If you're happy with a string then consider the following C# code:
double num = 3.12345;
num.ToString("G3");
The result will be "3.12".
This link might be of use if you're using .NET. http://msdn.microsoft.com/en-us/library/dwhawy9k.aspx
I hope that helps....but unless you identify than language you are using and the format in which you want the output it is difficult to suggest an appropriate solution.
mezoid
2008-12-01 09:07:57
A:
Try this:
decimal original = GetSomeDecimal(); // 22222.22939393
int number1 = (int)original; // contains only integer value of origina number
decimal temporary = original - number1; // contains only decimal value of original number
int decimalPlaces = GetDecimalPlaces(); // 3
temporary *= (Math.Pow(10, decimalPlaces)); // moves some decimal places to integer
temporary = (int)temporary; // removes all decimal places
temporary /= (Math.Pow(10, decimalPlaces)); // moves integer back to decimal places
decimal result = original + temporary; // add integer and decimal places together
It can be writen shorter, but this is more descriptive.
EDIT: Short way:
decimal original = GetSomeDecimal(); // 22222.22939393
int decimalPlaces = GetDecimalPlaces(); // 3
decimal result = ((int)original) + (((int)(original * Math.Pow(10, decimalPlaces)) / (Math.Pow(10, decimalPlaces));
TcKs
2008-12-01 09:22:52
Might be because it doesn't compile.
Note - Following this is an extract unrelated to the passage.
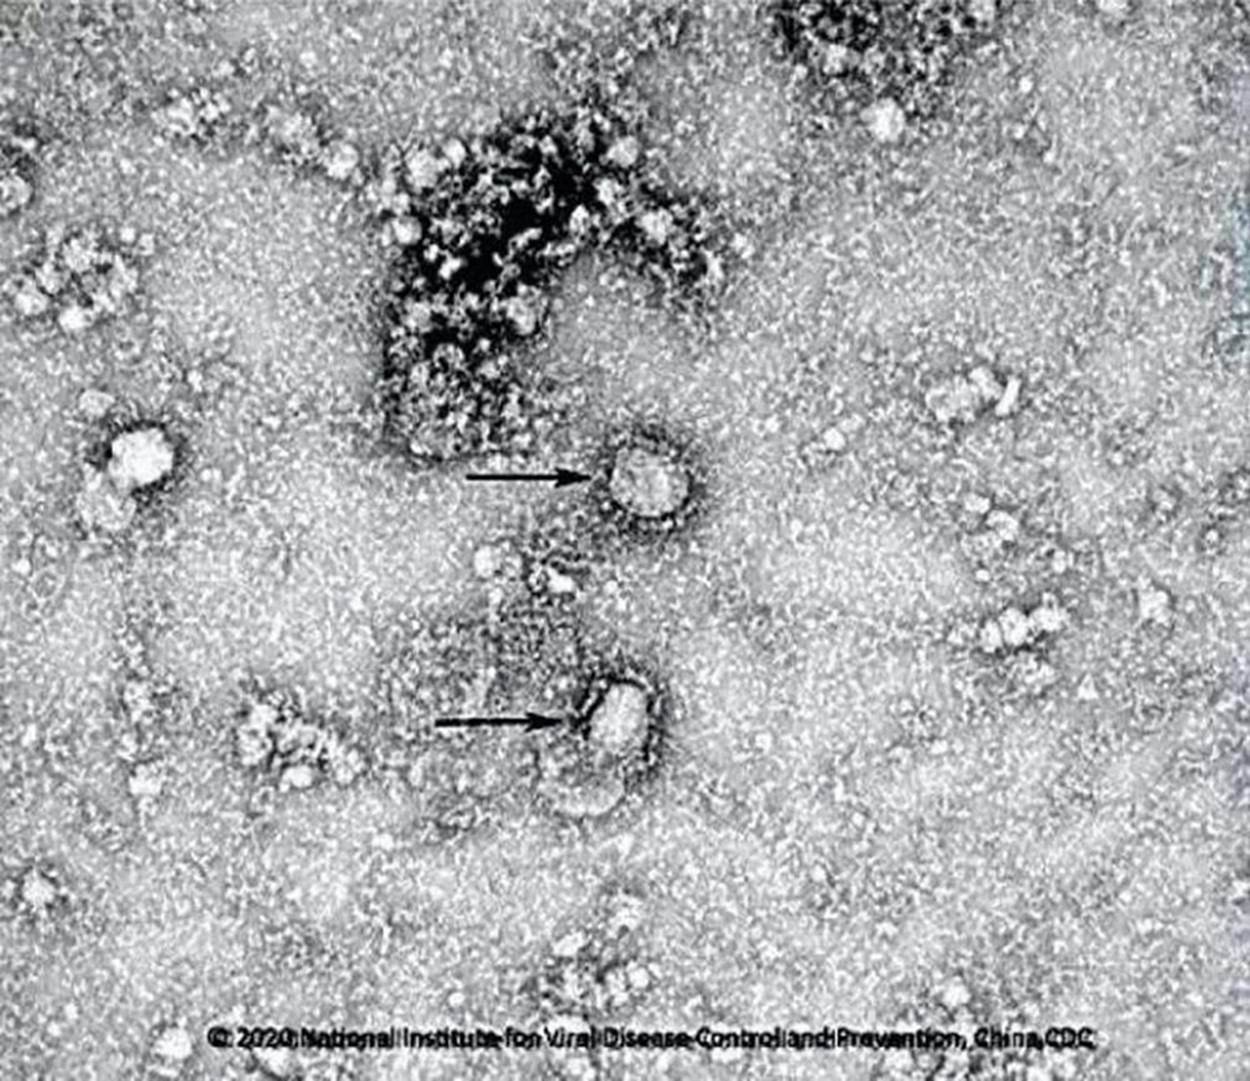   Hình ảnh đầu tiên của chủng virus Corona mới trên kính hiển vi. Ảnh: Reuters
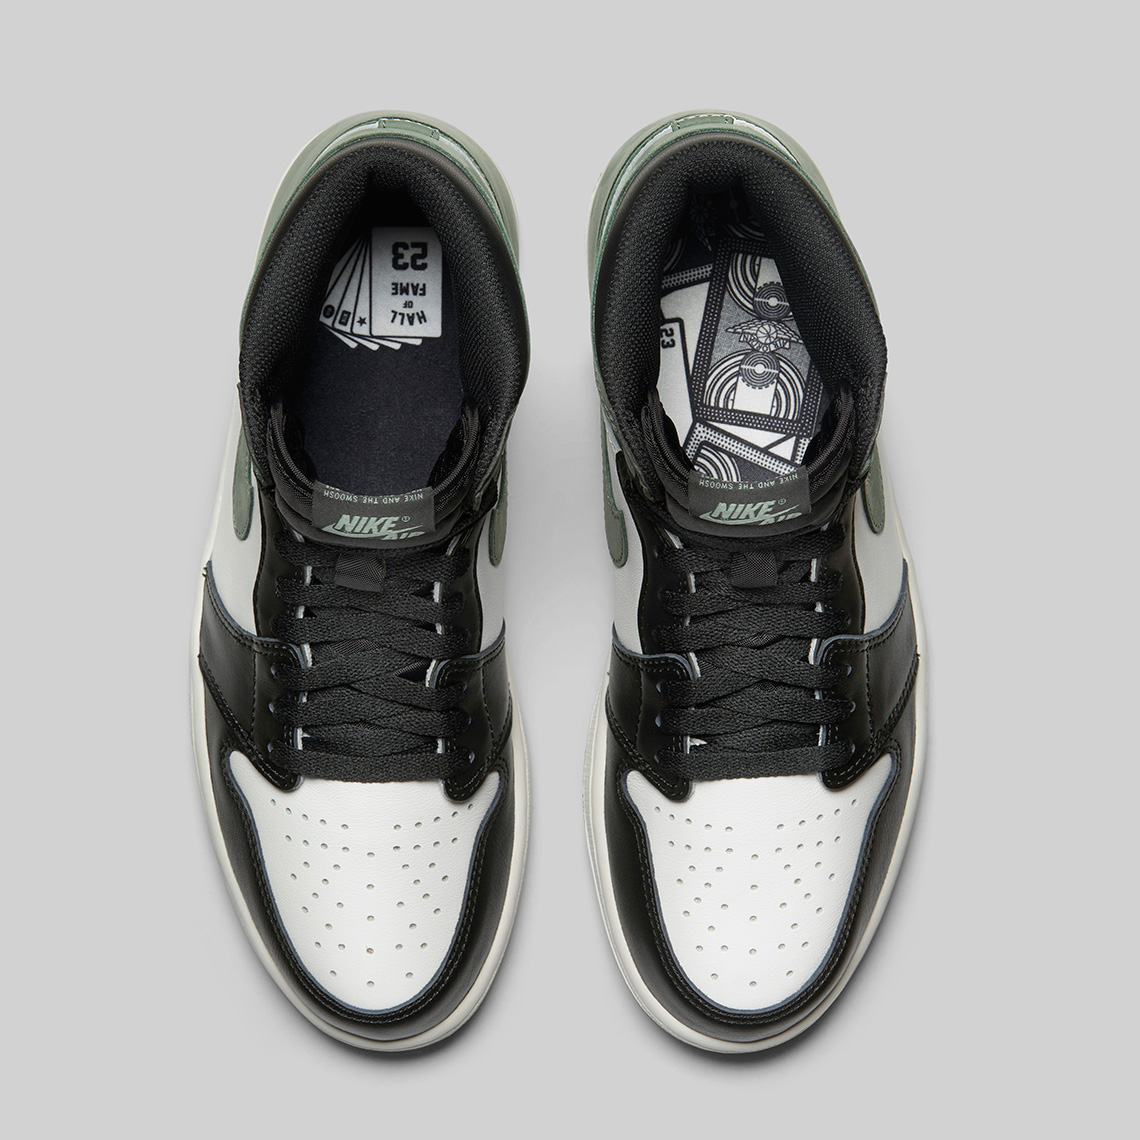 Air Jordan 1 Clay Green - Release Date | SneakerNews.com

What language were you developing in? I tried this in C# just now and I get an error for trying to multiply a decimal by a double.
Bill the Lizard
2008-12-01 17:37:09
A:
Maybe another quick solution could be:
>>> float("%.1f" % 1.00001)
1.0
>>> float("%.3f" % 1.23001)
1.23
>>> float("%.5f" % 1.23001)
1.23001
magicrebirth
2010-01-21 14:29:55
+2
A:
A function to truncate an arbitrary number of decimals:
public decimal Truncate(decimal number, int digits)
{
decimal stepper = (decimal)(Math.Pow(10.0, (double)digits));
int temp = (int)(stepper * number);
return (decimal)temp / stepper;
}
Carl Hörberg
2010-07-22 13:15:00